村上 研究開発自体よりも、プロジェクトで発注者と期待値が折り合わないことの方が厄介だ。特に「AI万能論」のような期待をされると困る。

AIにはコストがかかる。データを集めるにもカネがかかるし、AIに高度な学習をさせるには膨大なコンピューターリソースが必要で、それらを稼働させるために高額の電気代もかかる。持ち込まれるテーマには人間にやらせた方が効率が良いこともあり、AIに得意なことを選別しなくてはならない。

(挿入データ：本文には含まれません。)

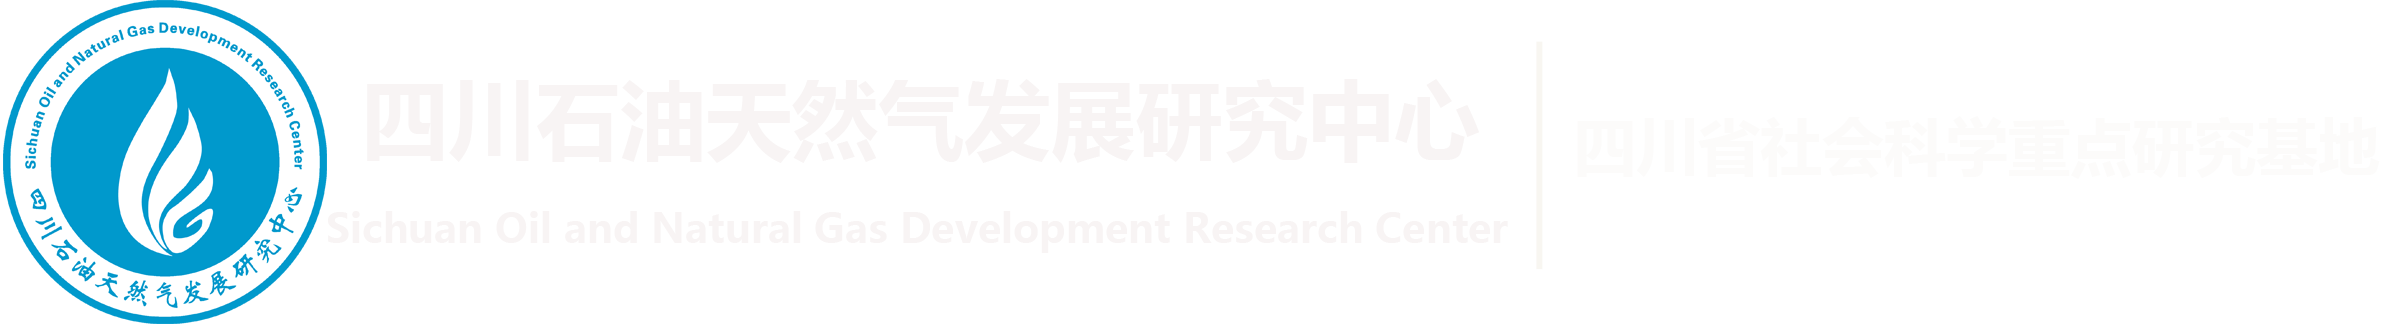 201801039-四川澳门十大电子游戏网站推荐与天然气

AIによる分析ではビッグデータが注目されるが、データが多ければ多いほどよいというわけではない。人間同様さまざまな情報の中からどこに注目するのかが大事で、そのポイントが悪いとダメだ。AI開発のポイントは「目的」。AIを利用する「目的」が明確でないと、役に立たないだろう。

村上 淳(むらかみ・あつし)氏 コンサルティングファームを経て2011年にDeNA入社。IT戦略部部長としてDeNAグループの業務改革を統括し、グループウェア、開発環境、人事管理・経営管理基盤をグローバルで統合。現在は、AI戦略推進室長として全社AI戦略の立案実行と全社のAI活用を推進している。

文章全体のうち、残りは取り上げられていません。